Azure Resources, SDK Links, Tutorials, Helpful Tidbits, and Permissions Management
SDKs and Tools
Azure offers two types of SDKs. Unified SDKs are built on a “common core” and are recommended for all new projects. Standard SDKs are avilable for older projects or languages unsupported by Unified SDKs.
- Standard .NET SDKs (also included with Visual Studio 2019)
- Standard Java SDKs
- Standard Python SDKs
- Standard PHP SDKs
- Standard Go SDKs
- Azure SDKs Page
- Visual Studio 2019 has excellent integrations with Azure services, especially when using C#/.NET.
- Azure Extensions for VSCode
- Azure CLI is a set of Azure tools for use in the command line.
- Azure Cloud Shell
- Azure Storage Explorer
- Azure Data Studio
- Azure Tools Page
- Microsoft Documentation Home
- Getting Started with Azure
- Microsoft Learn - Azure
- Azure Documentation
- Azure 15-Minute Tutorials
- Getting Started with Visual Studio
- Developing Azure Functions with Visual Studio
- Deploying Azure Applications with VSCode
- The Developer’s Guide to Azure
Take Advantage of Resource Groups
Most resources on Azure require supporting resources to be provisioned alongside the main offering. For example, provisioning a VM will also require a Storage Account, Virtual Networking, etc. All of a project’s resources will be provisioned under the resource group that you specify at the time of creation. A resource group is a collection of related resources for a project. You can set permissions and other settings for the entire resource group instead of each resource individually.
Remember to delete the entire resource group when deleting resources in order to avoid getting charged for vestigial resources.
Take Note of Supported Protocols
The protocols that Azure supports for communicating with its services differs from that of AWS or GCP. Depending on the application you wish to build, the supported protocols may affect your architecture. Refer to the documentation for information specific to each service.
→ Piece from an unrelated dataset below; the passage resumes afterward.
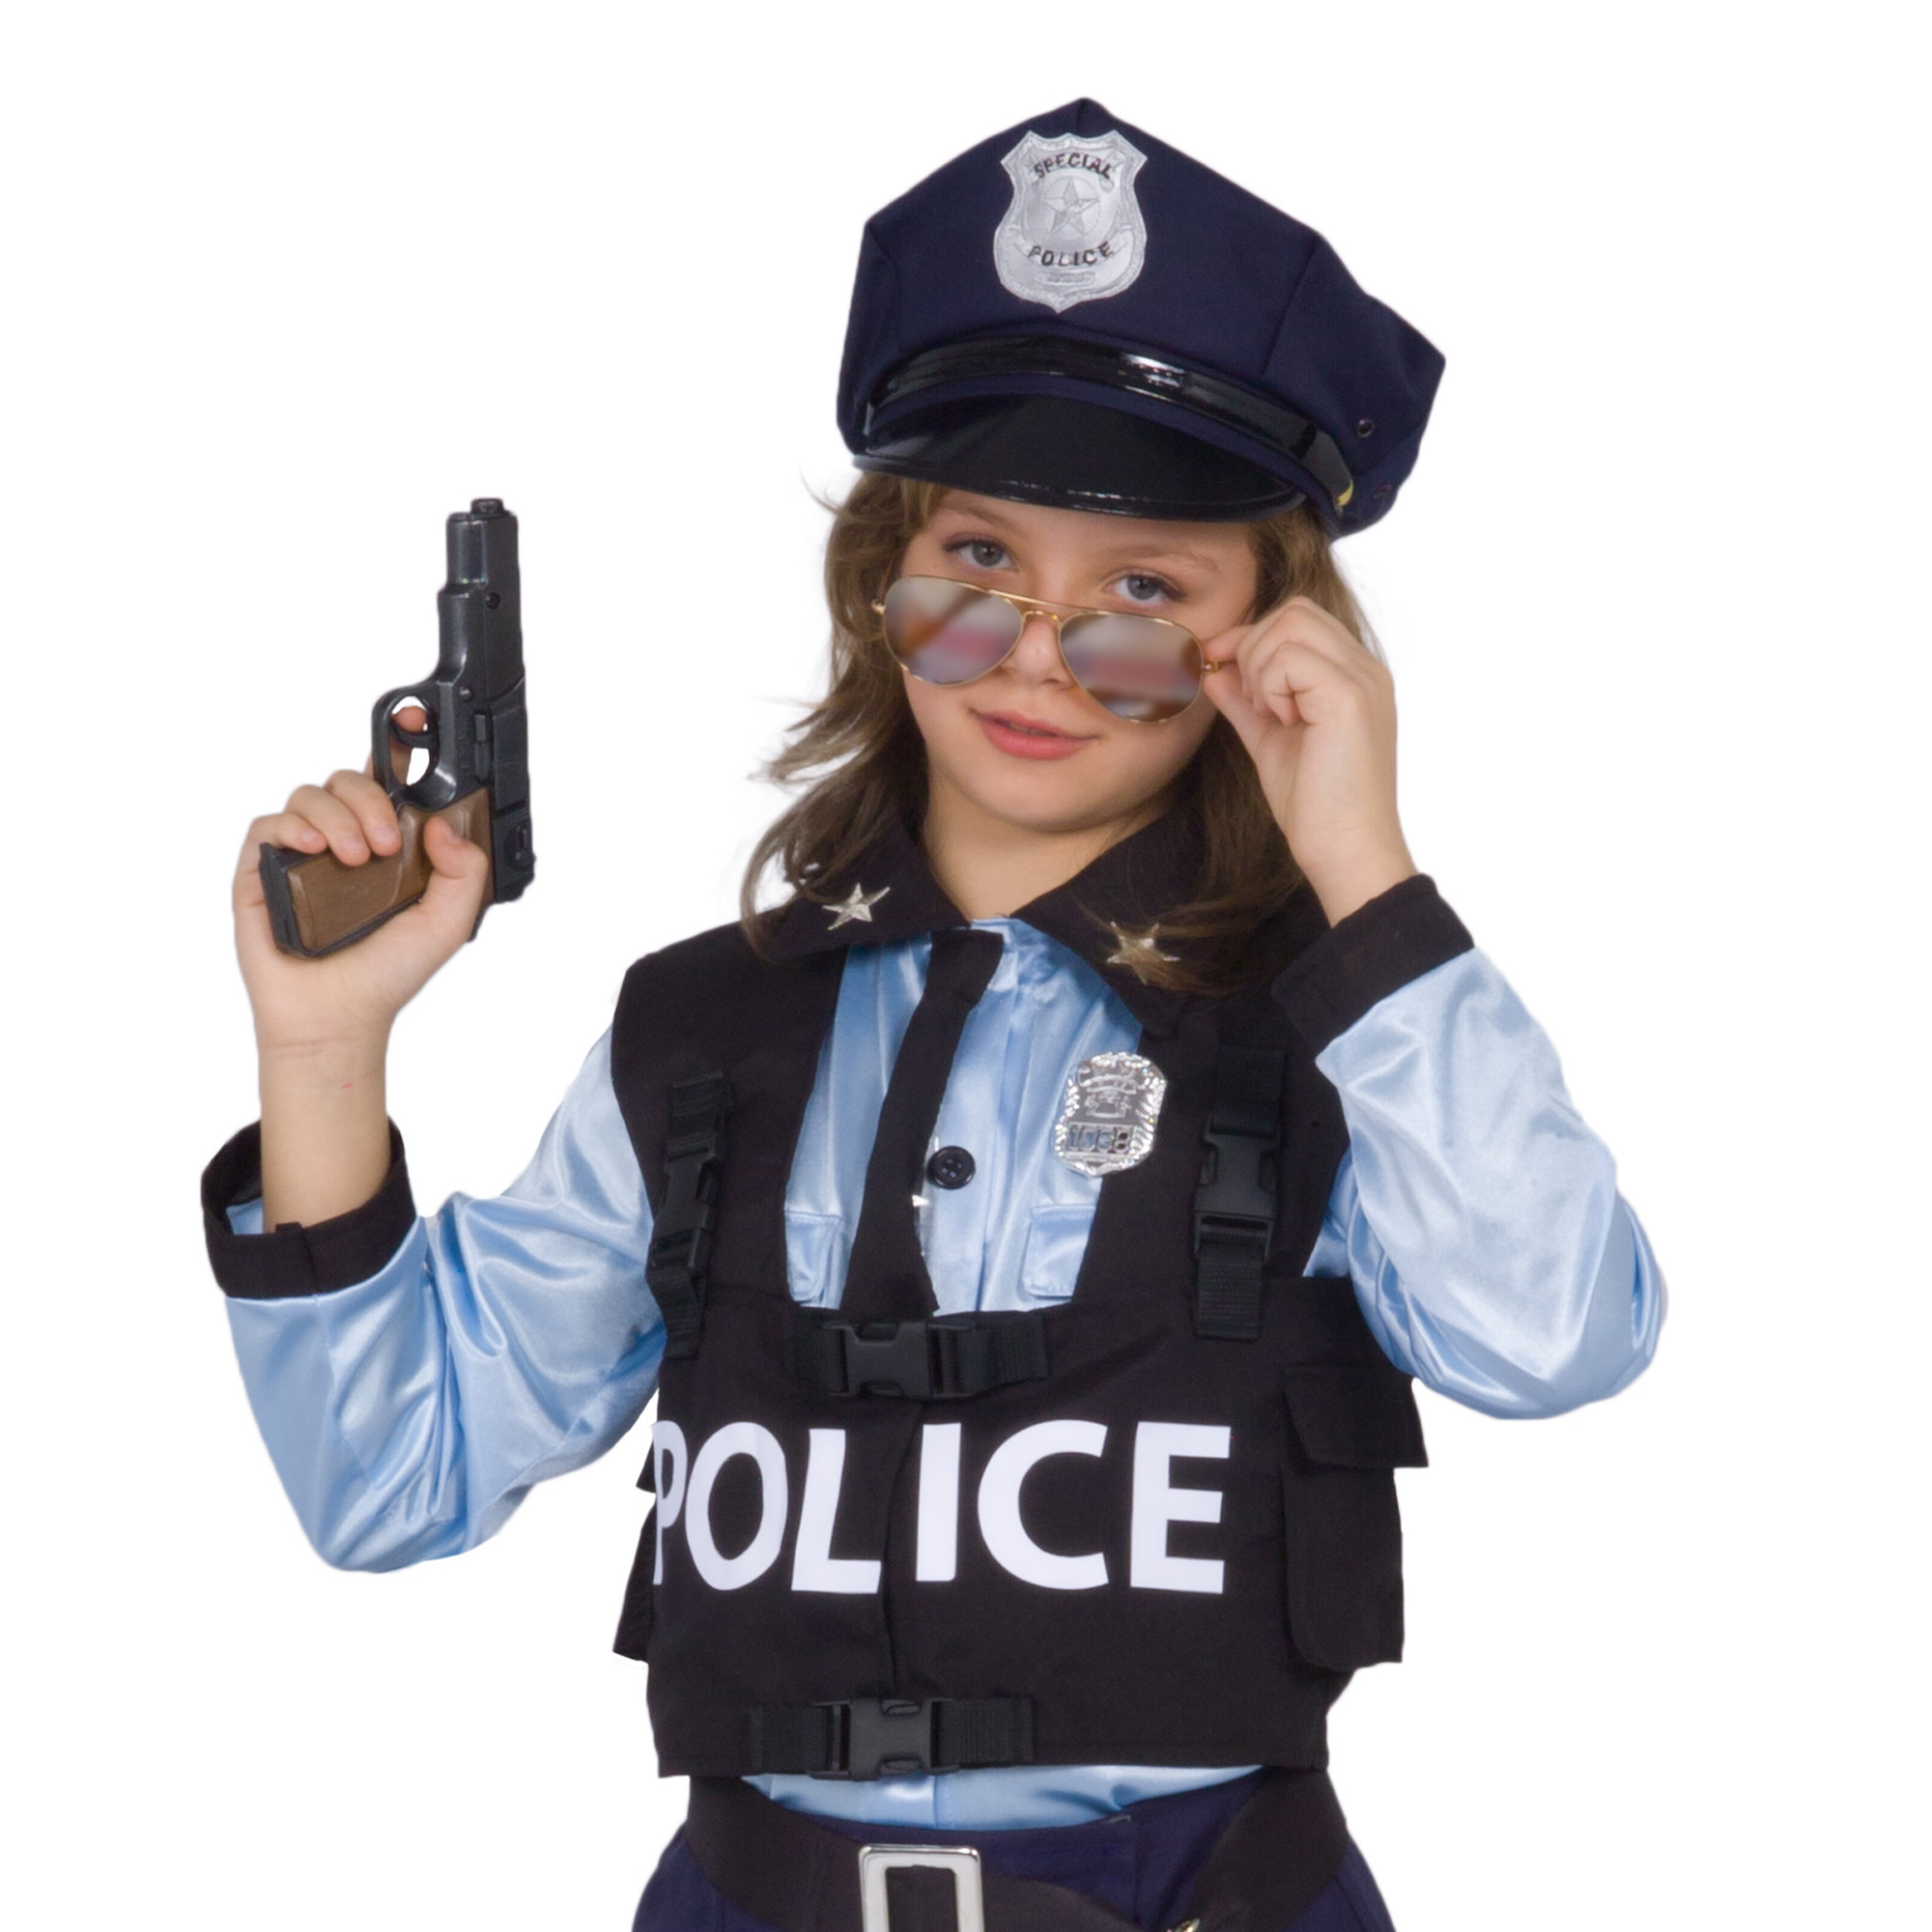 Ciao Travestimento Costume di Carnevale Poliziotta Special Police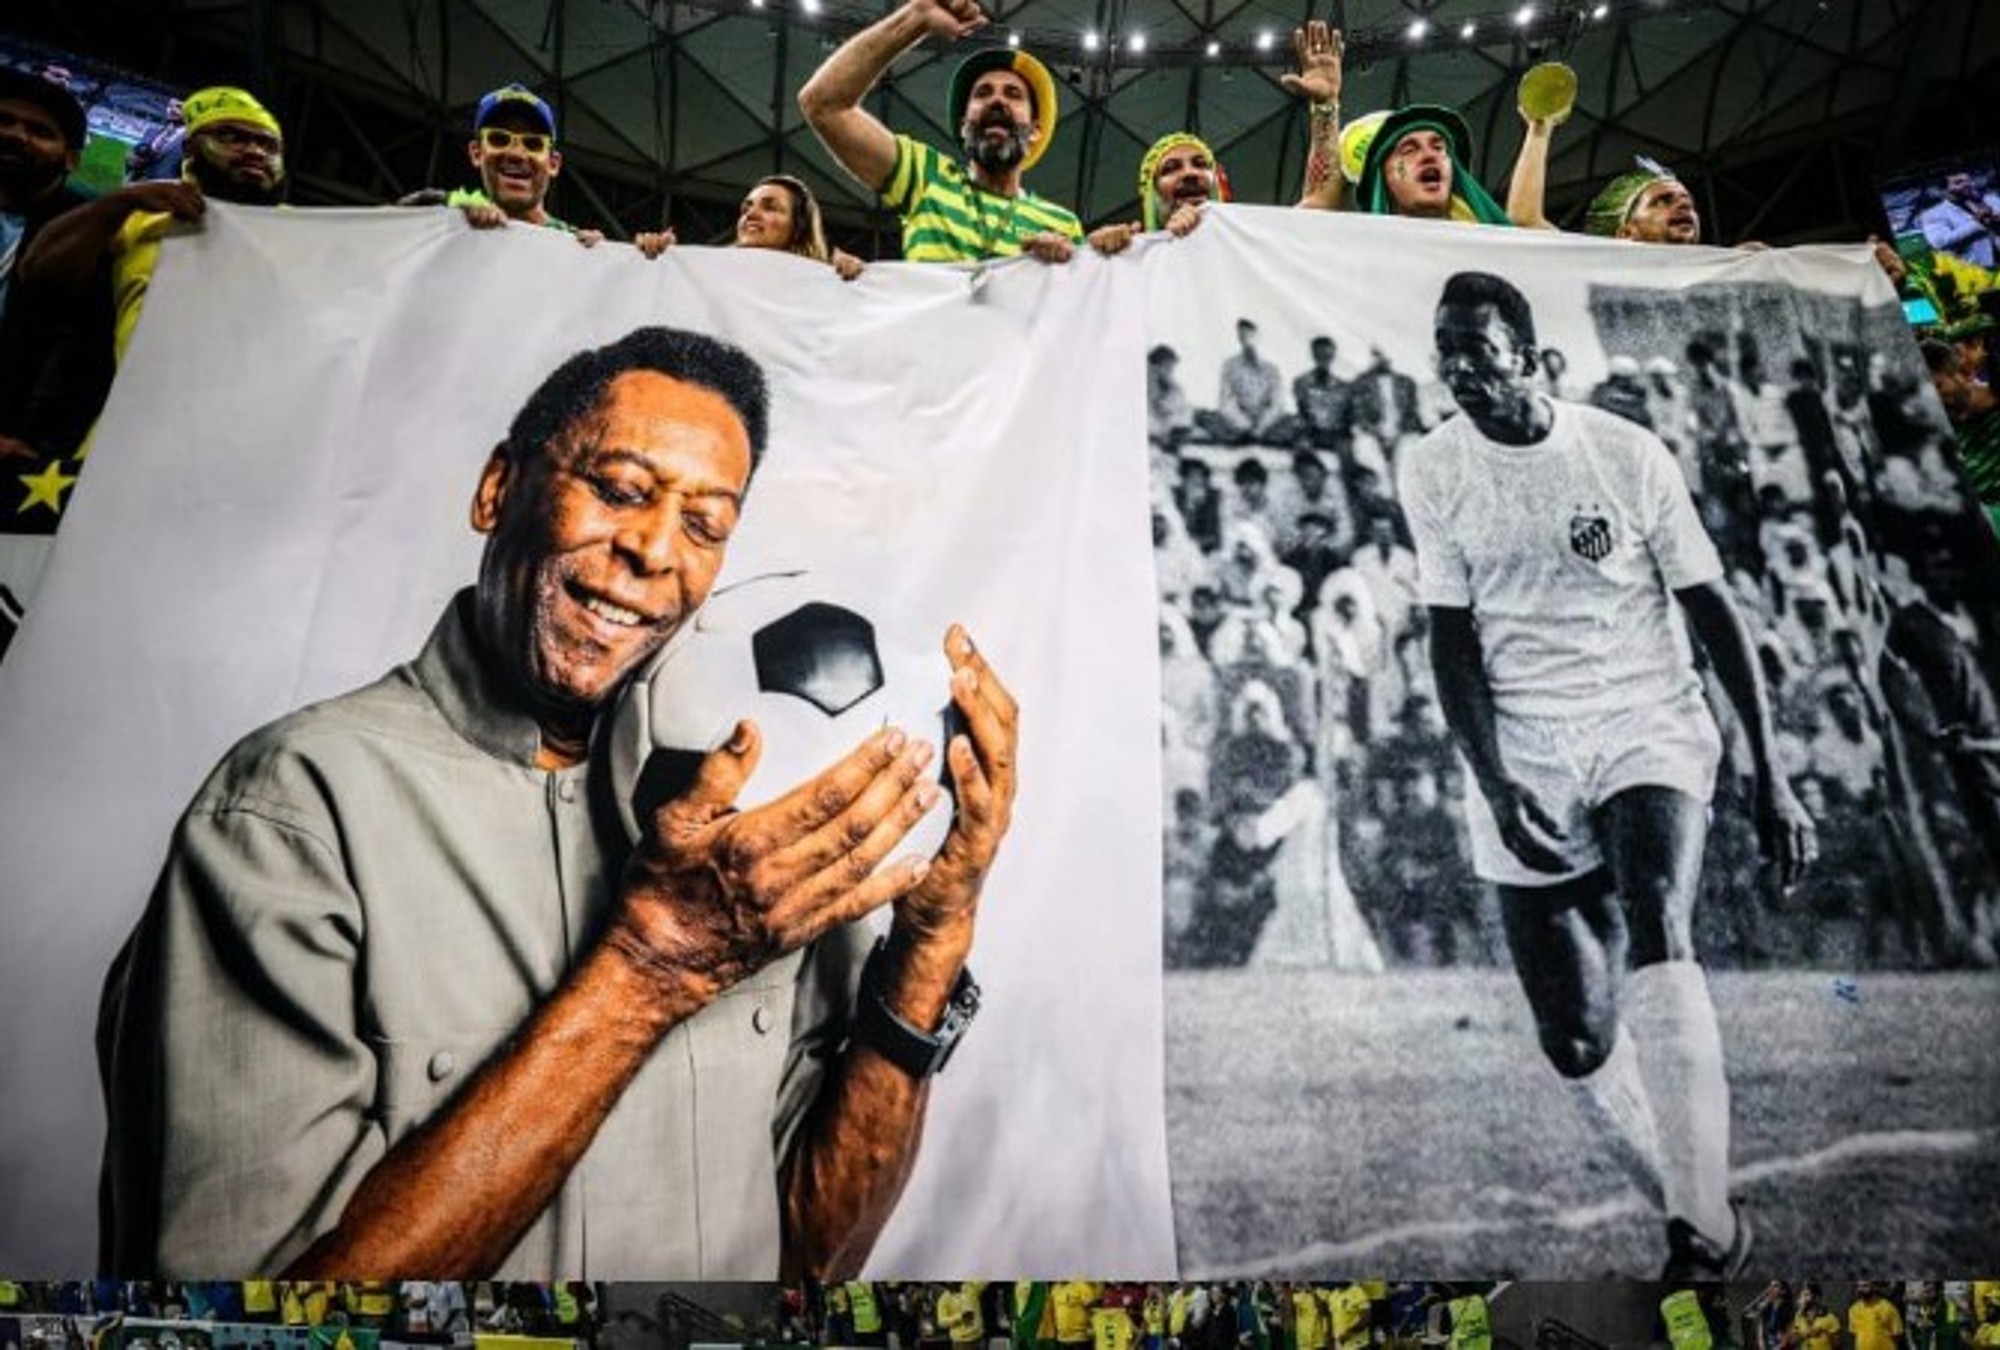 Los fans desearon a Pelé una pronta recuperación desde Qatar.

Security and Permissions Management
Role-Based Access Control (RBAC)
Access to Azure resources is managed through RBAC. RBAC allows you to define how to grant access. It can be done based on resource type, subscriptions, resource groups, or the specific resources themselves. Before continuing, see the Azure documentation page on RBAC. RBAC uses the concept of a role assignment to assign permissions. Role assignments have three parts.
Security Principals are objects that represent the entity that must be granted permissions. There are four types of security principals: users, groups, service principals, and managed identities. See the documentation page for more info on what each type of security principal is for.
Role Definitions are the actual set of permissions that will be granted to the security principal. Often simply called a role, the collection of role definitions covers everything from full administrative access to granular control over a specific service. Adding or removing definitions from the role controls what permission the principal has.
Scope lets permissions be further constrained based on the resources in question. This allows for scenarios such as allowing a user to be a full admin over one resource group but no access to another. Thanks to this, granting a user the “Owner” permissions does not necessarily mean they will have owner access to the entire account.
Once again, refer to the RBAC documentation for more detailed information on role assignements.
Azure Active Directory (Azure AD)
Active Directory is a different from RBAC. While RBAC is focused on access management for cloud account users, Active Directory helps manage credentials and access for cloud applications and networks. Active Directory provides features like user management, user directories, reporting, password management and Single-Sign-On (SSO) services. It also supports using solutions like OAuth to easily secure applications built with Azure. There are many more features and both free and numerous paid tiers for Active Directory. See the Active Directory documentation for information on how to use it.
Azure also provides many more tools and services for securing your applications. See the Azure Security page to get started.